# Alternatives to Klean Prep



## sonardestruction

Hi people

just wondering if anyone would know any alternatives to Klean Prep - I had a violent reaction to the stuff last time I took it and am actually scared to take it again..

I really can't believe they made it vanilla flavoured as well. I loved vanilla 

Anyway - based in the UK - have another colonoscopy booked and was wondering if anyone could suggest an alternative I could ask for/demand?

thanks so much

Jamie :ybatty:


----------



## xX_LittleMissValentine_Xx

There are others. Moviprep and picolax are the ones I can think of off the top of my head.
They are all pretty nasty though!


----------



## sonardestruction

Thanks for the swift reply! the Moviprep looks a bit better as a lot less volume to drink 

already been reading about the picolax today and it sounds awful too lol... 

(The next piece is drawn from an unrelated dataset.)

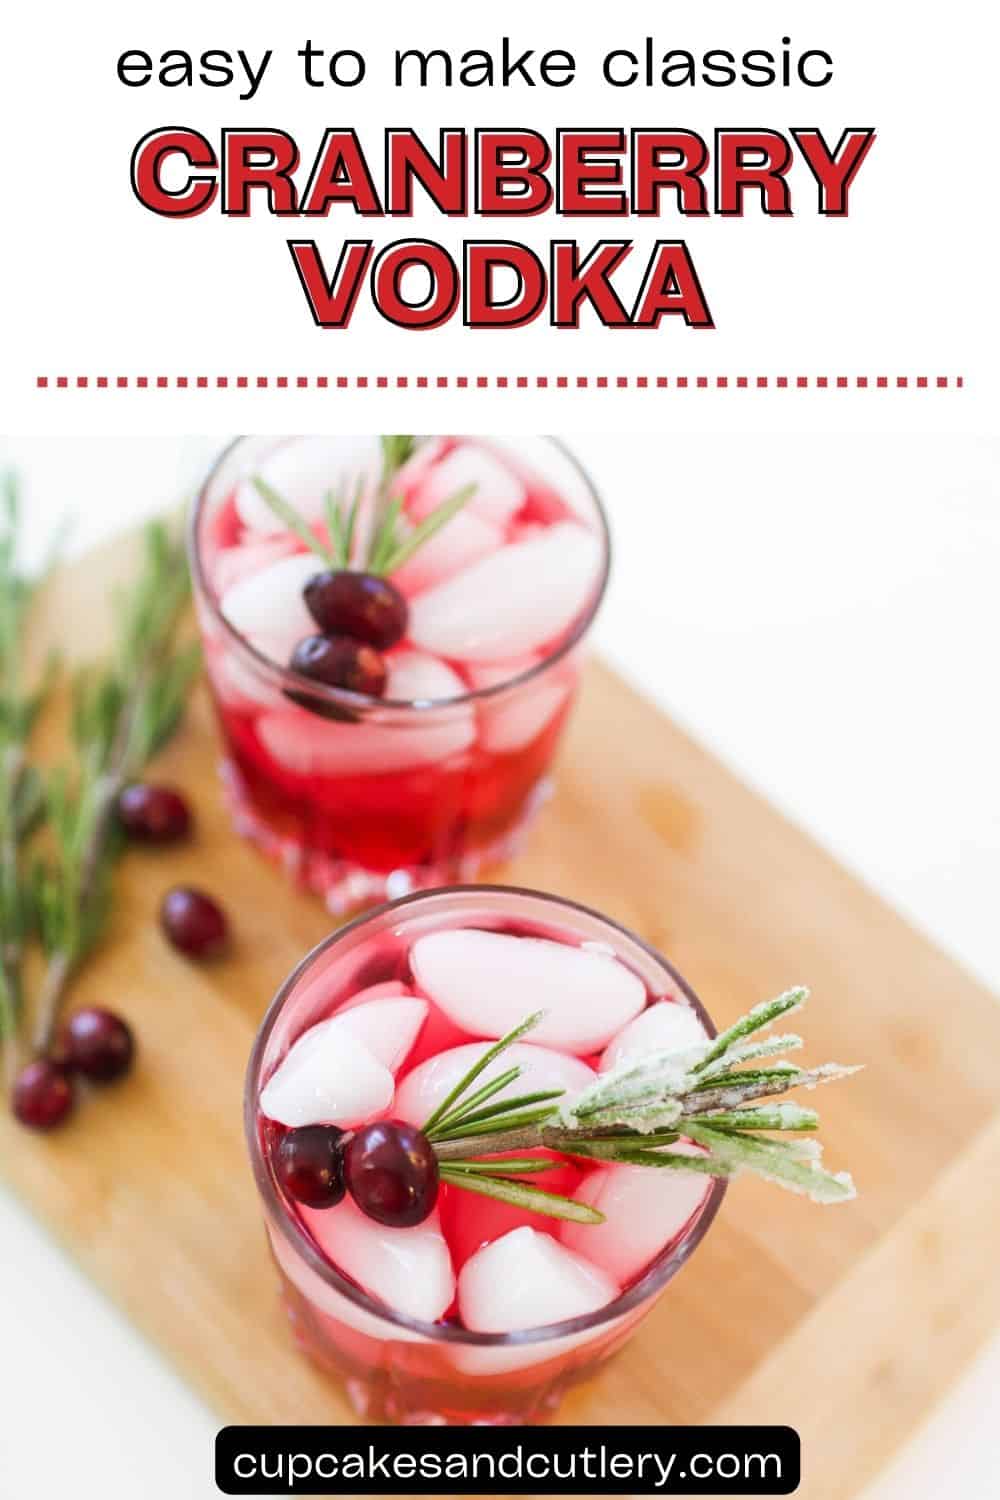 Text: easy to make cranberry vodka With two cocktail glasses on a table topped with sugared rosemary with fresh cranberries stuck on.

I appreciate your help :lol2:


----------



## tsm1110

miralax works well.its is basically tasteless.before my recent small bowel resection i used this and mixed it with 64oz of Gatorade.it is in a powder form.much easier than any other prep i have used.


----------



## sonardestruction

Thanks very much for the suggestion of miralax - i'll look into it to see where I can get it here in the UK


----------



## SarahD

Citramag doesn't taste too bad and it's a really small quantity to drink (about 400ml I think). It gave me dreadful cramps though which I never had with Klean Prep. Everyone reacts differently though.


----------



## tsm1110

i also found it online through amazon.com.the one i bought was a 21.5oz,36 dose but i didnt have to finish it as it did the job.
http://www.amazon.co.uk/MiraLAX-Pow...e=UTF8&qid=1369770113&sr=1-3&keywords=miralax


----------



## sonardestruction

Thanks again for the new replies, ill check out Citramag too. Thanks for sending me the amazon link, very handy, do you think I should ask the doctors for one of the alternatives mentioned or  will I just get them myself and get on with it? I only found this site today and really appreciate all the replies - its been interesting reading everyone's issues, tips and advice.


----------



## tsm1110

I would ask your doctor if he would be ok with it.every time i had a colonoscopy i had to take some awful bowel prep prescribed by my GI.it was clear liquid in a small bottle that you mix with water.it made me gag and almost vomit.my first experience with miralax was in April before a surgery prescribed by the surgeon.so my next colonoscopy is to be in oct. to see if things are healing properly and I plan on asking my GI if i can prep with miralax.it does the same thing and we should have a choice on what works best for us.


----------



## hainman

i always call the desk at the hospital for fleet or picolax,one of them is a wee bottle you add to a cup of water and the other is 2 bottles so its far less to drink,and works basically the same.


----------



## lizbeth

I've used movaprep and picolax, I think I preferred the picolax cos it was a very small amount to take compared to the other one.  I would definitely mention the problem you had with the klean prep to your GI, that wat they can prescribe an alternative for you, if necessary refuse the klean prep, but I'm sure it won't be a problem. Good luck hope the prep and the scope goes ok, take care and keep in touch.....Oh and welcome to the forum. :ghug:


----------



## sonardestruction

good advice TSM1110 - i'lll ask the doc. makes sense really  def should be our choice as you say.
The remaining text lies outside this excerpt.